Monday, August 19, 2013

Recursive grep and performance comparison with find + grep

This is how you can recursively grep starting from current directory. 

find . -name "pattern" -exec grep "search_pattern" '{}' \;

That's been a known pattern to grep recursively. But let me introduce you to a better approach described in the second answer here which is saying that since grep 2.5.2 shipped on August 2006 we are happy to use a functionality from grep itself. So, check this out

00:47:50:~/Coding$ time greprepo "*.java" "flint" . 
./clojure/repos/my/jalint2/HelloWorld.java: Native.loadLibrary("flint", Flint.class); 
./clojure/repos/my/jalint2/HelloWorld.java: System.setProperty("jna.library.path", "../flint2"); 
./clojure/repos/rebcabin/jalint2/HelloWorld.java: Native.loadLibrary("flint", Flint.class); 
./clojure/repos/rebcabin/jalint2/HelloWorld.java: System.setProperty("jna.library.path", "../flint2");

real 0m0.134s 
user 0m0.120s 
sys 0m0.014s

00:48:25:~/Coding$ time find . -name "*.java" -exec grep flint '{}' \; 
Native.loadLibrary("flint", Flint.class); 
System.setProperty("jna.library.path", "../flint2"); 
Native.loadLibrary("flint", Flint.class); 
System.setProperty("jna.library.path", "../flint2"); 

real 0m0.545s 
user 0m0.289s 
sys 0m0.212s

Isn't it impressive? And greprepo is my alias to

alias greprepo='grep --exclude-dir ".{git,svn}" -R --mmap --include'

Performance boost is also due to mmap which is ok if you don't change files you are currently greping. Don't try to do mmap on network share or if you change the stuff. Anyways, whithout mmap performance is still much more impressive than with find 

01:02:46:~/Coding$ time grep --exclude-dir ".{git,svn}" -R --include "*.java" "flint" .
./clojure/repos/my/jalint2/HelloWorld.java:            Native.loadLibrary("flint", Flint.class);
./clojure/repos/my/jalint2/HelloWorld.java:        System.setProperty("jna.library.path", "../flint2");
./clojure/repos/rebcabin/jalint2/HelloWorld.java:            Native.loadLibrary("flint", Flint.class);
./clojure/repos/rebcabin/jalint2/HelloWorld.java:        System.setProperty("jna.library.path", "../flint2");

real 0m0.146s
user 0m0.130s
sys 0m0.015s

mmap will do its magic on really huge files. ~/Coding is not a storage for huge files as you can presume.

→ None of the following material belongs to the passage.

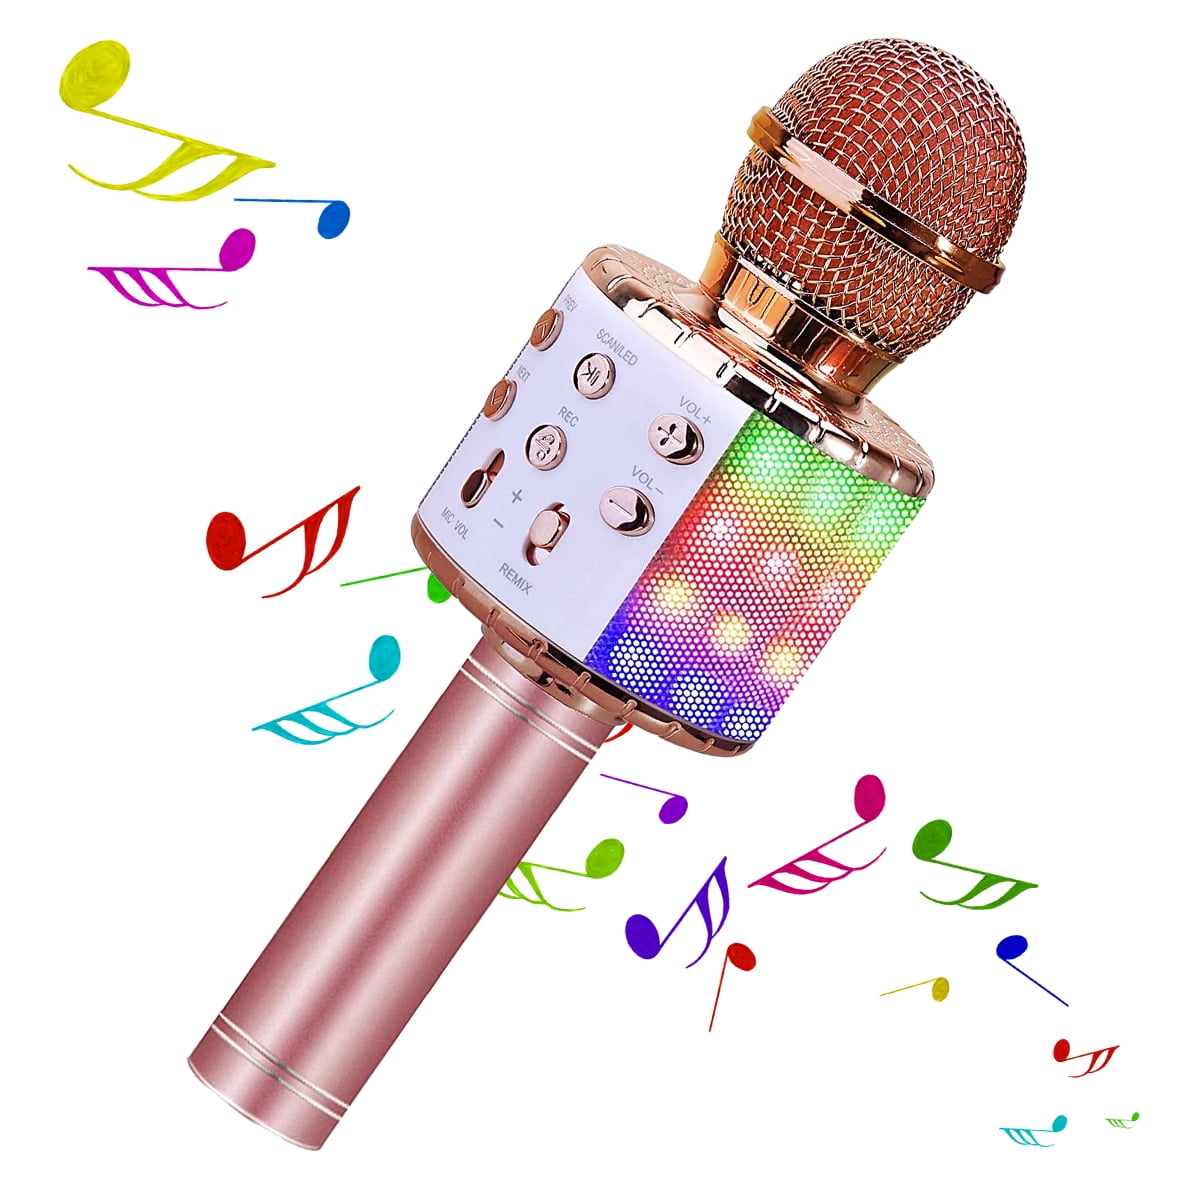 Gifts For 6 Year Old Girl,toys For 4 Year Old Girls,kids Toys Microphone  For Girls,12 Year Old Girl Gifts,toys For Girls 10-12 Years Old - Snngv

Of course you may notice I used --exclude-dir with grep, but here is one more

1:02:56:~/Coding$ time grep -R --include "*.java" "flint" .
./clojure/repos/my/jalint2/HelloWorld.java:            Native.loadLibrary("flint", Flint.class);
./clojure/repos/my/jalint2/HelloWorld.java:        System.setProperty("jna.library.path", "../flint2");
./clojure/repos/rebcabin/jalint2/HelloWorld.java:            Native.loadLibrary("flint", Flint.class);
./clojure/repos/rebcabin/jalint2/HelloWorld.java:        System.setProperty("jna.library.path", "../flint2");

real 0m0.135s
user 0m0.118s
sys 0m0.017s

which makes me thinking of pre caching :) Anyway, find doesn't feature an easy option to exclude directories. There is some "workaround", which I didn't understand how to easily use. But even then find + grep is much slower, than grep alone.



UPDATE [Sep 17, 2013]



My friend pointed me at that there is a slightly better approach to find + grep to one that I used above, which is to combine find with xargs. So, here are all three approaches listed from the slowest to the fastest:

0 (raspberry) 14:43:20:~/.vim$ time find . -name "*.vim" -exec grep -Hn --color=always tab '{}' \; > /dev/null

real    0m1.855s
user    0m0.370s
sys     0m1.070s

0 (raspberry) 14:43:26:~/.vim$ time find . -name "*.vim" -print0 | xargs -0 grep -Hn --color=always tab > /dev/null

real    0m0.213s
user    0m0.080s
sys     0m0.110s

0 (raspberry) 14:43:31:~/.vim$ time greprepo "*.vim" "tab" . > /dev/null

real    0m0.172s
user    0m0.080s
sys     0m0.080s

Once again, grep alone wins. However, it's worth saying, find + xargs is much faster than find -exec. 

But don't forget that using grep only approach you have exclusions which I talked about in the original post.